I'm starting a new trend in photography where the subject is all fuzzy and everything in the background is in focus.

good grief


----------



## bekins24 (Sep 22, 2015)

You just have to squint your eyes when you look at it. :lol:


----------



## Springville Shooter (Oct 15, 2010)

Looks good Goob. You should use the leftovers to make brisket cheese sandwiches on sourdough.......simply no better use for left over brisket.------SS


----------



## wyogoob (Sep 7, 2007)

*Smoked Elk Brisket Grilled Cheese Sandwiches*

Smoked Elk Brisket Grilled Cheese

Ingredients:


6 slices - sourdough bread
butter, room temperature
1/2 tsp - Italian seasonings
1/8 tsp - garlic powder
3 oz - sharp cheddar cheese, grated
3 oz - Monterrey Jack cheese, grated
3 oz - Gruyere cheese, grated
12 oz (~2 cups) smoked elk brisket, chopped
3 tbsp - BBQ sauce

Instructions:


Preheat large griddle on medium heat.
Butter one side of each slice of bread.
Sprinkle Italian seasonings and garlic on top of the buttered sides.
Lay one piece of bread buttered-side down.

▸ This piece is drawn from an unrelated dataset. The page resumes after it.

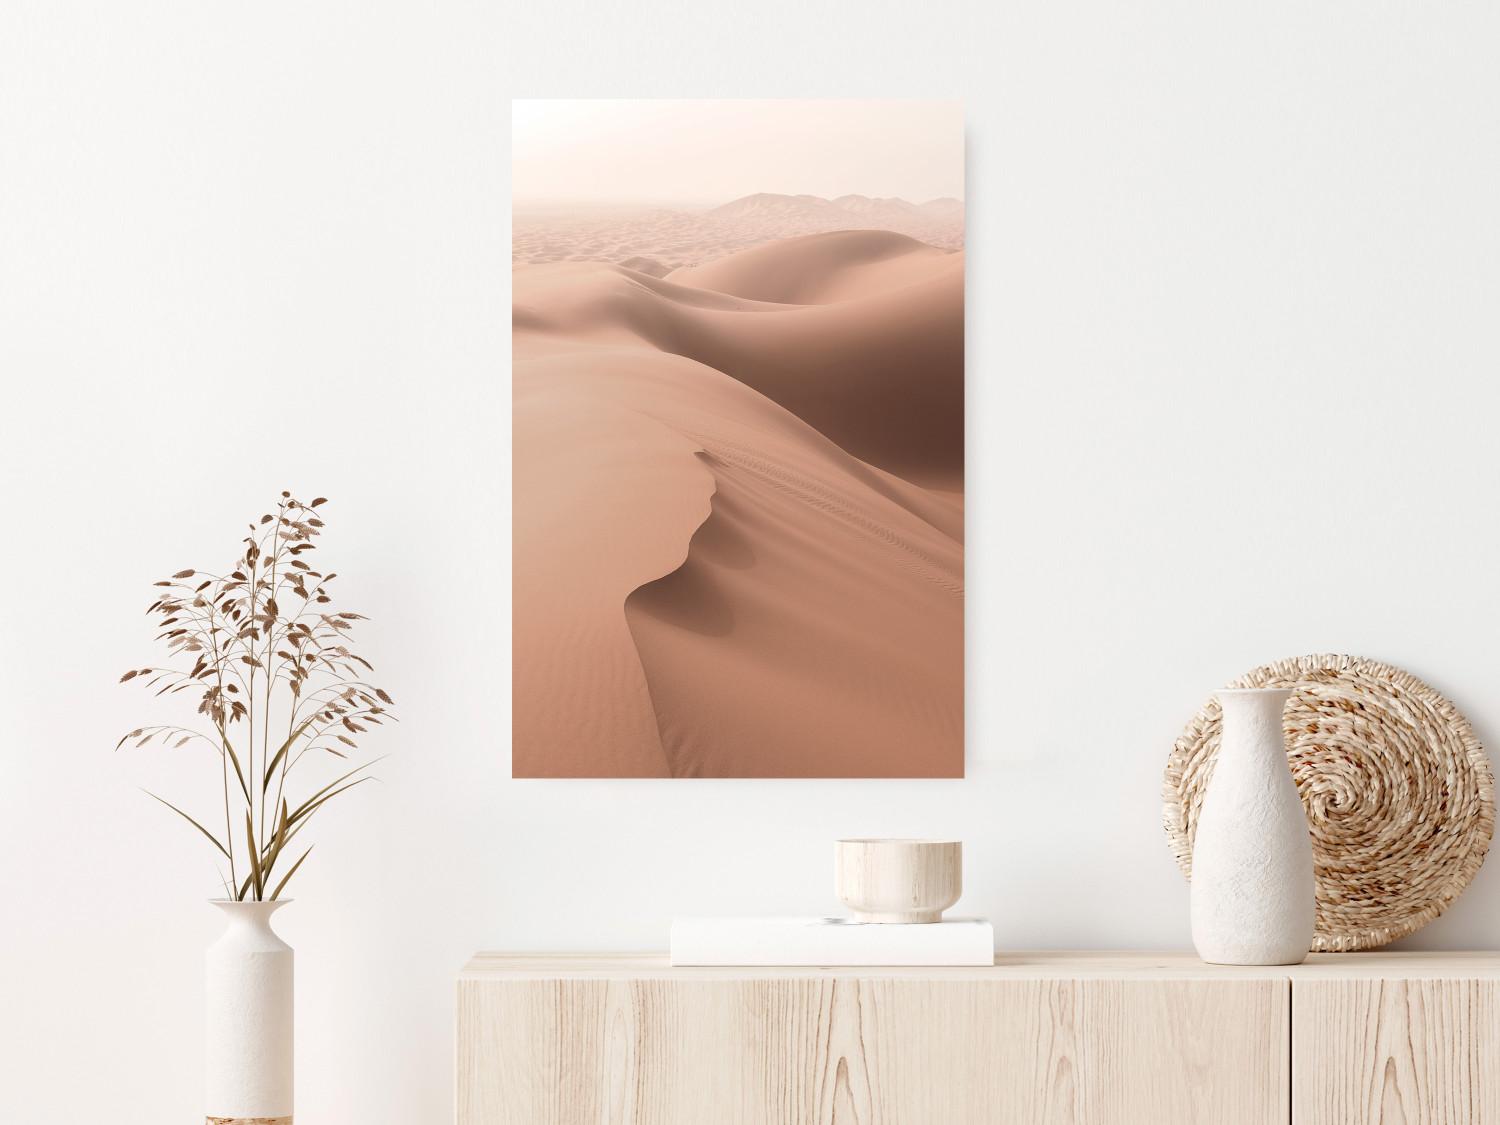 Cartel Espacio arenoso - paisaje de dunas de arena en desierto marrón

Add layer of cheese, layer of brisket, 1 tbsp of BBQ sauce, and another layer of cheese.
Top with the other piece of bread, buttered-side out.
Place sandwich on griddle and cook on medium until golden brown, about 3-4 minutes on each side.
Where's the BBQ sauce?


more cheese:


less cheese:


.


----------



## T-dubs-42 (Sep 8, 2015)

And there are still people out there that won't eat wild game!!! Looks great man


----------



## A12GaugeGirl (Jan 10, 2015)

I love brisket! It is my absolute favorite! I can't wait to try this!!!!!! And that grilled cheese loves even more amazing then I can describe.


----------



## wyogoob (Sep 7, 2007)

Flipping the sandwiches and burnt cheese all over the griddle is not for everyone. Using a microwave to finish the grilled brisket sandwiches may be easier for some. Here's how to do it:


Preheat large griddle on medium high heat.
Butter one side of each slice of bread.
Sprinkle Italian seasonings and garlic on top of the buttered sides.
Brown the buttered sides of the bread and then remove from the griddle.
While toasting the bread warm the brisket up in the microwave, about 30 seconds on high.
Drizzle BBQ sauce on the warm brisket.
Lay the toasted bread on a plate and build the sandwich, about half cheese and half chopped brisket.
Heat the sandwich up in the microwave, about 1 1/2 minutes on high or until the cheese melts.


----------



## Springville Shooter (Oct 15, 2010)

Oh man! Those look amazing Goob! Smoked meat, sharp cheese, and sour dough.......now that's a tastebud trio! -----SS


----------